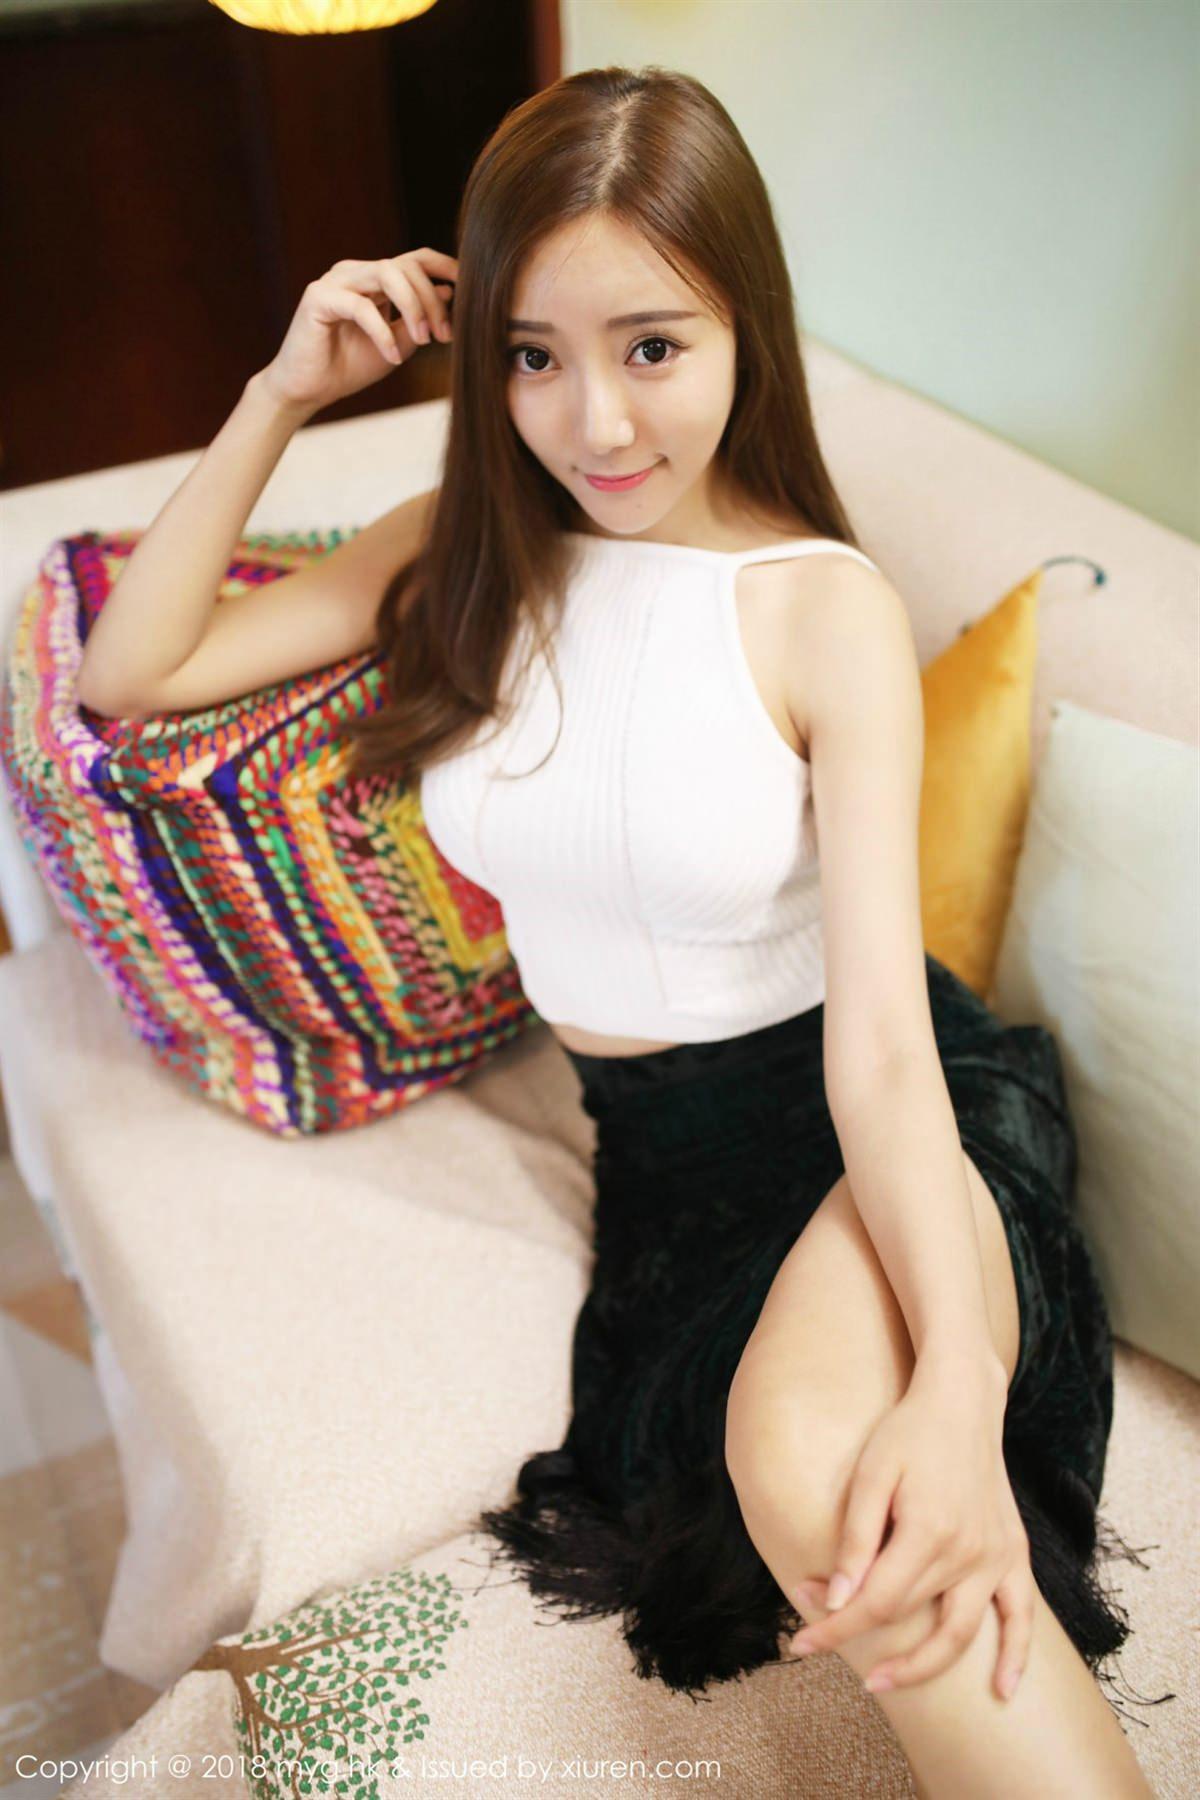 MyGirl Vol.293 30P, mygirl, Wang Xin Yao
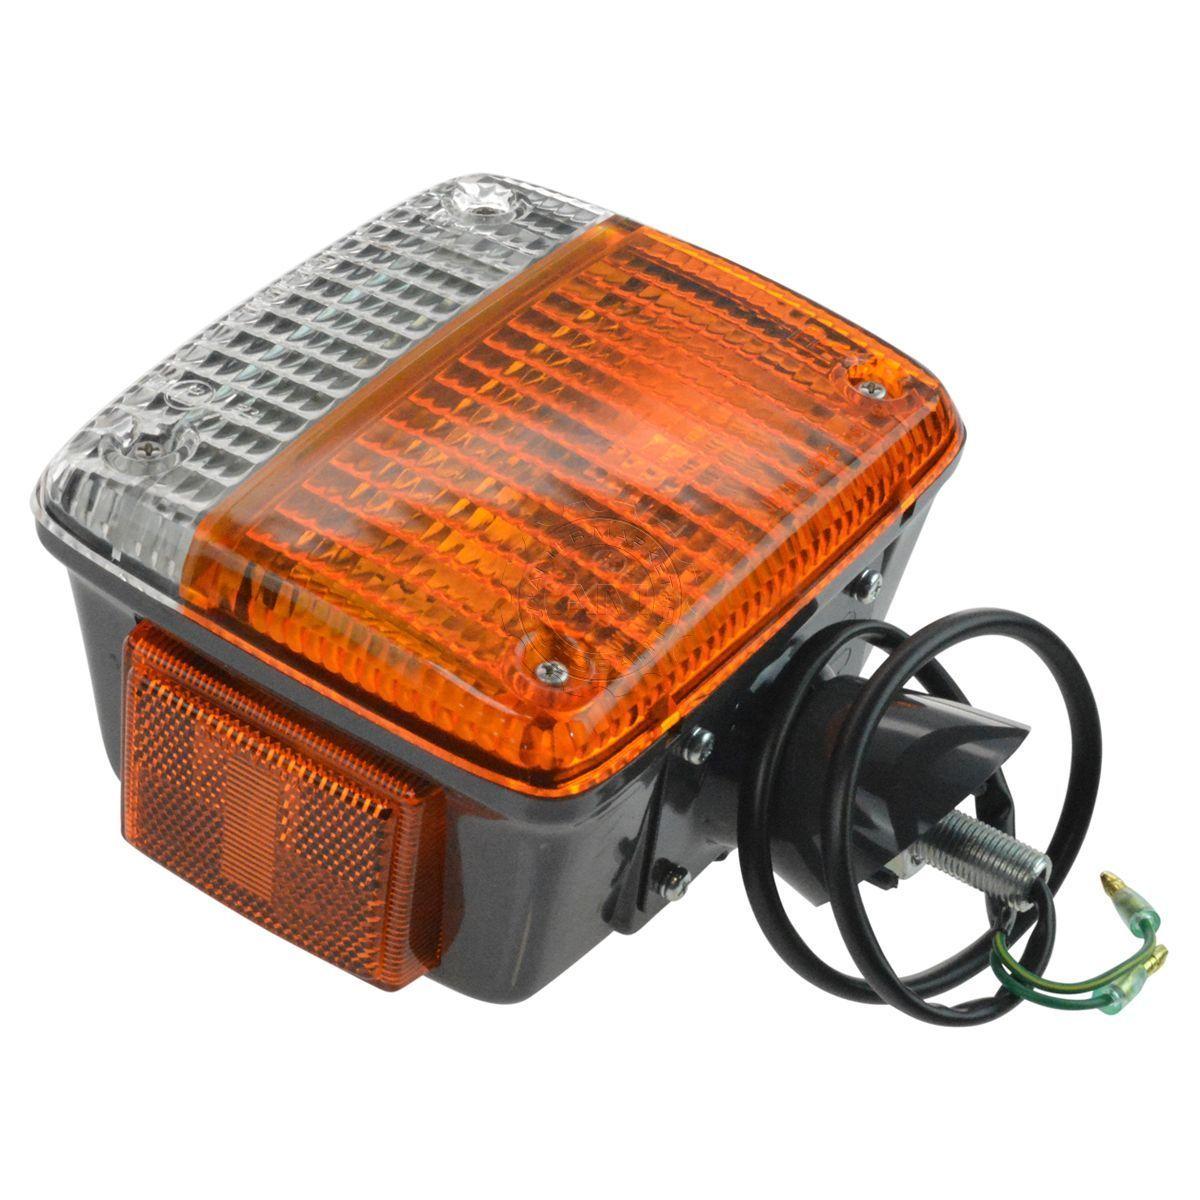 コーナーライト OEM Turn Signal Light Lamp Passenger Right RH for Toyota FJ40 Land Cruiser New トヨタFJ40ランドクルーザーのためのOEMターン信号ライトランプ乗客右RH新しい
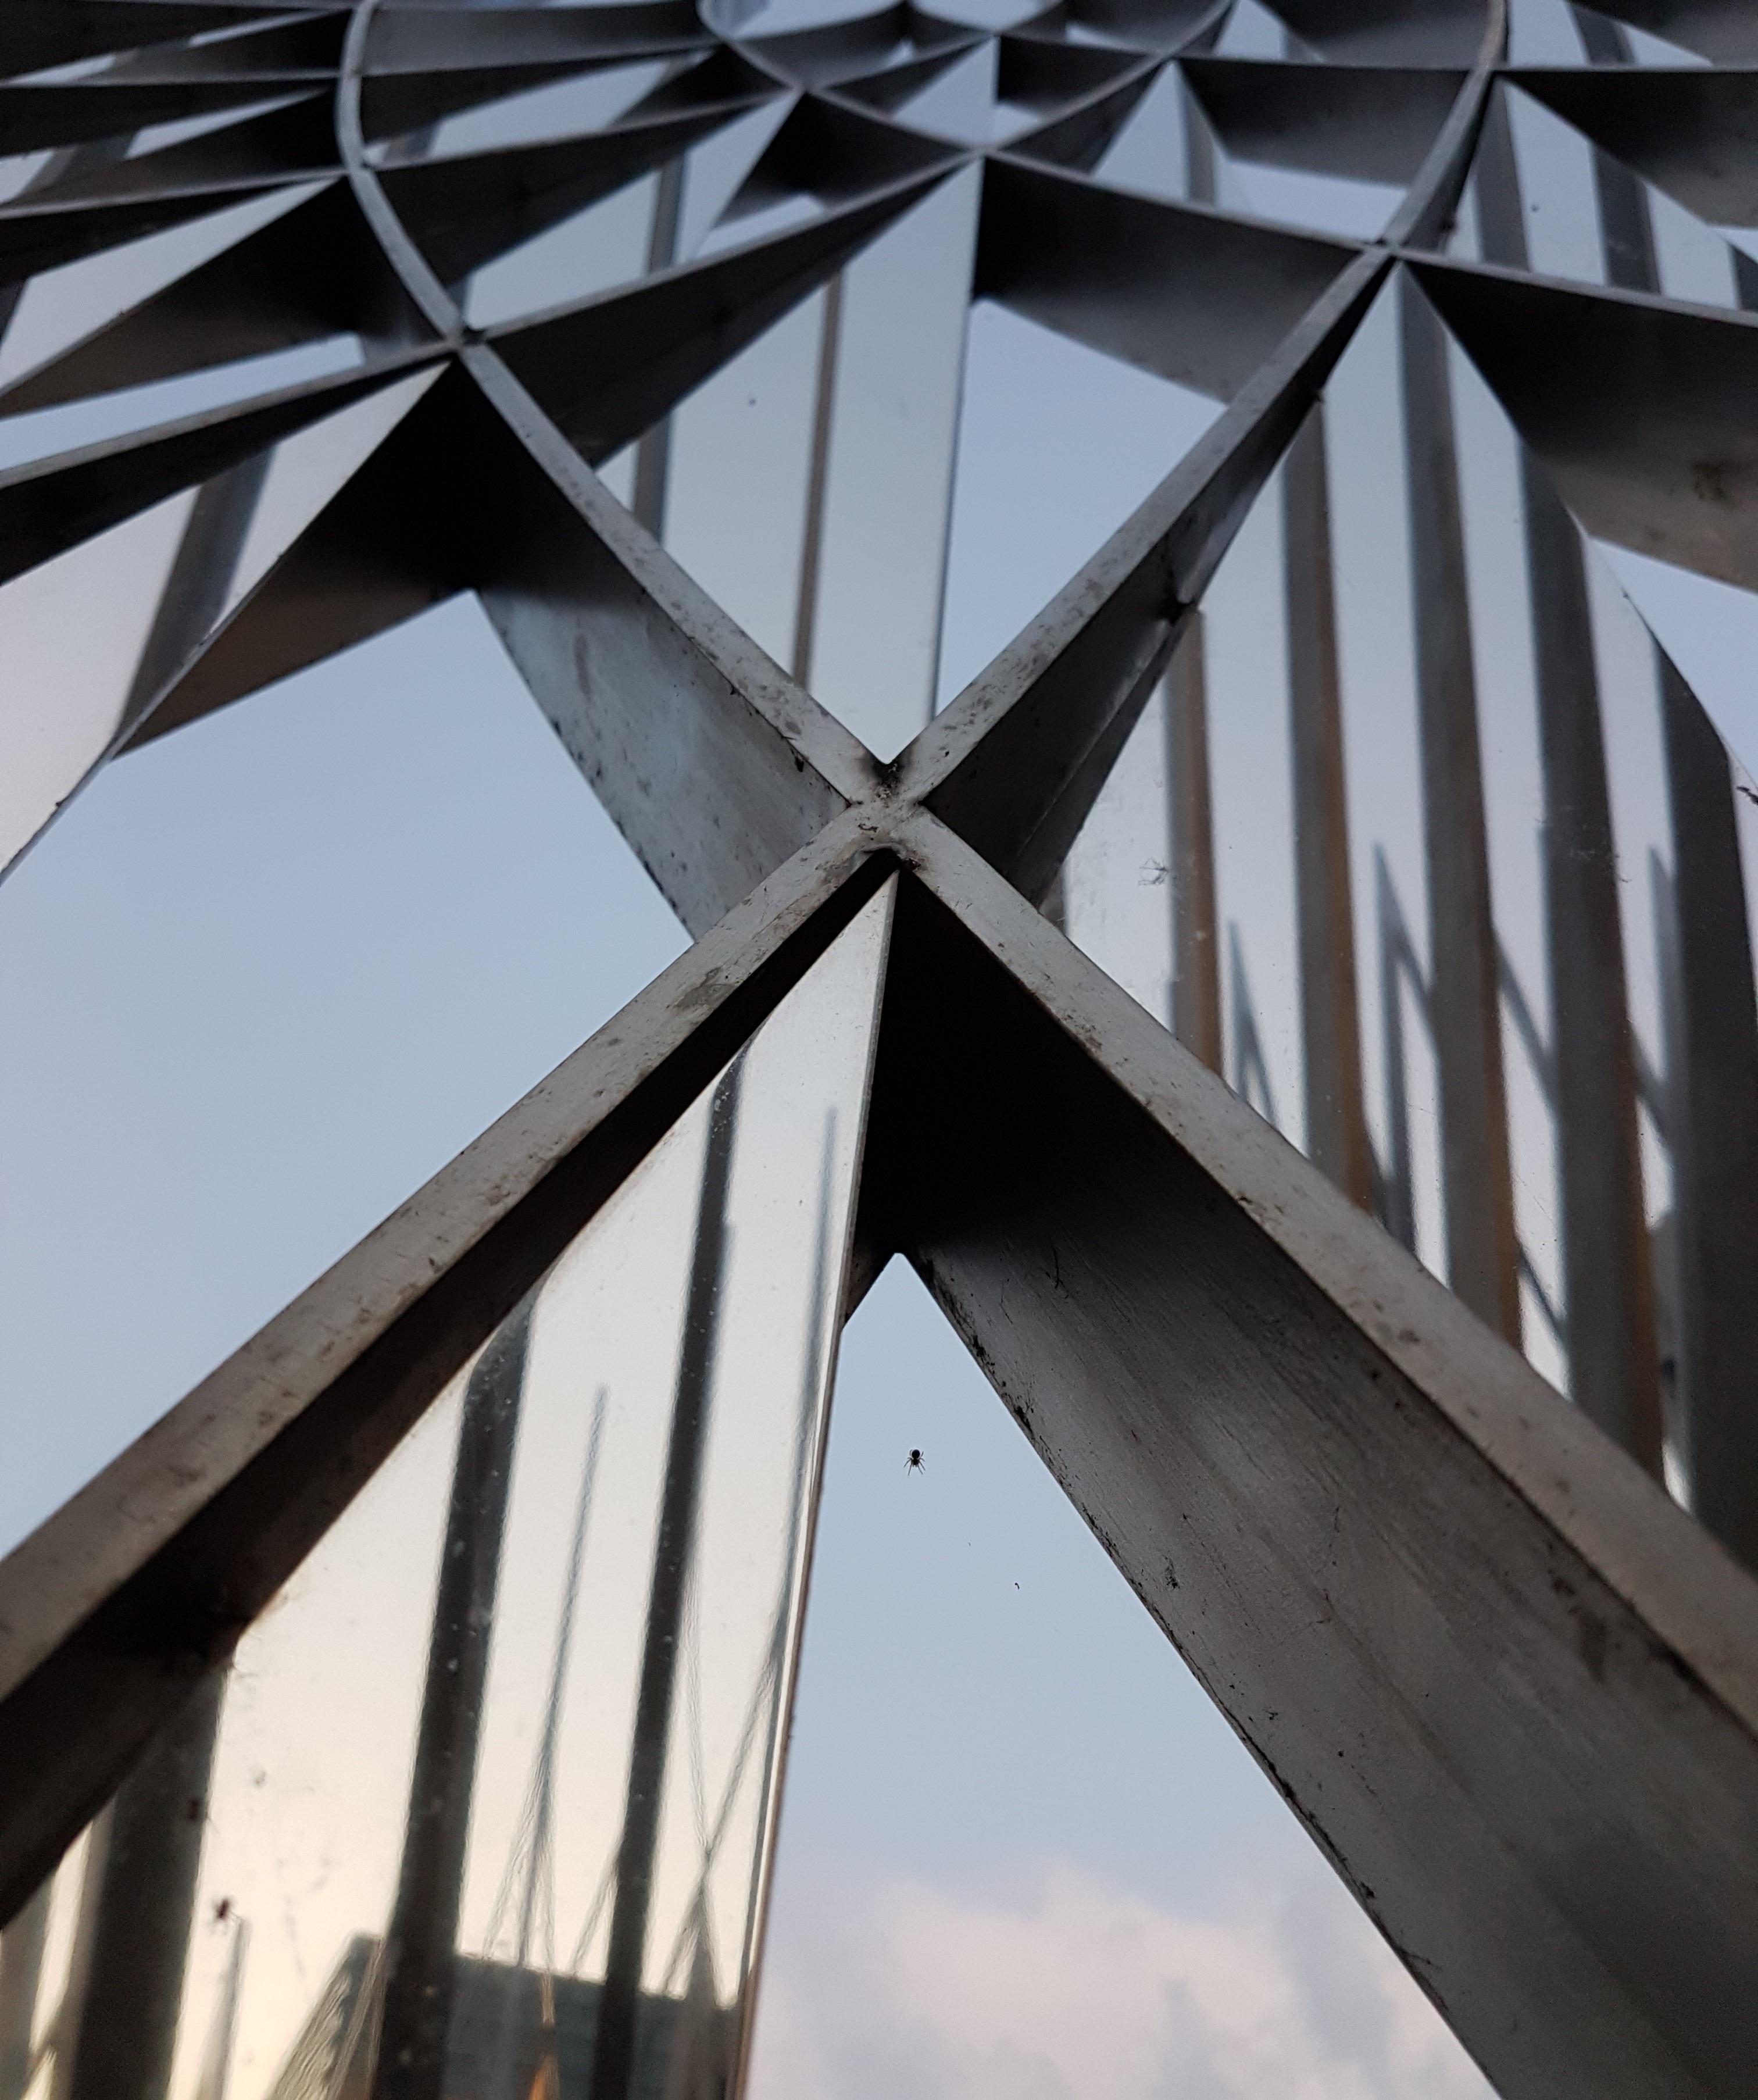 Stehlen Modern kostenlose foto die architektur struktur brücke stehlen linie
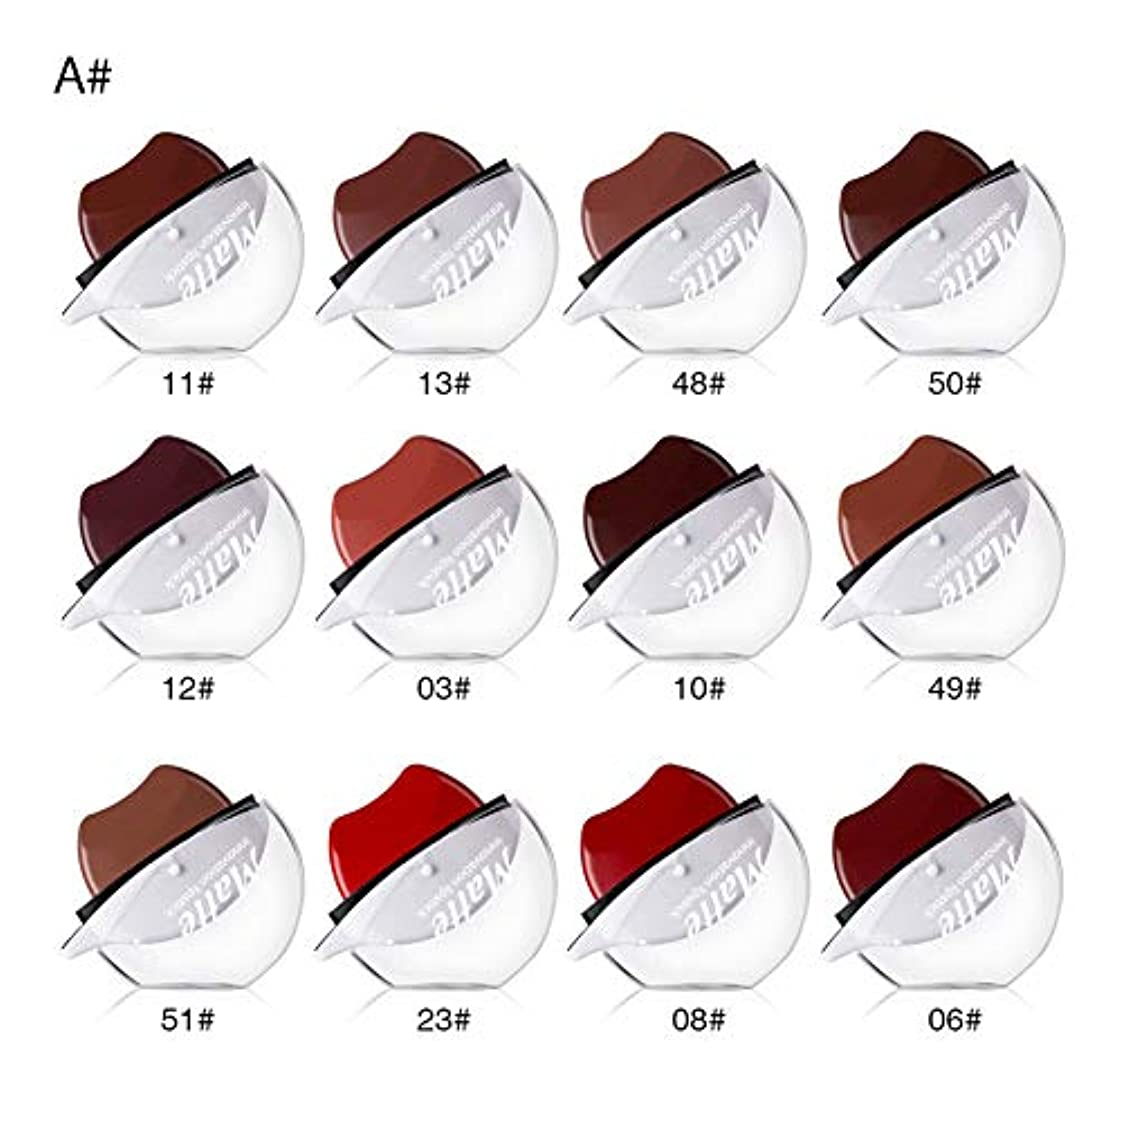 石炭くすぐったい純粋にMeterMall 12色長続きがする怠惰な唇の形の口紅防水長続きがする保湿の口紅 A(12色/セット)
+++
Instructions to follow =>
An exact copy of the material above is required, minus its images.

Answer box =>
 MyGirl Vol.293 30P, mygirl, Wang Xin Yao
 コーナーライト OEM Turn Signal Light Lamp Passenger Right RH for Toyota FJ40 Land Cruiser New トヨタFJ40ランドクルーザーのためのOEMターン信号ライトランプ乗客右RH新しい
 Stehlen Modern kostenlose foto die architektur struktur brücke stehlen linie
 石炭くすぐったい純粋にMeterMall 12色長続きがする怠惰な唇の形の口紅防水長続きがする保湿の口紅 A(12色/セット)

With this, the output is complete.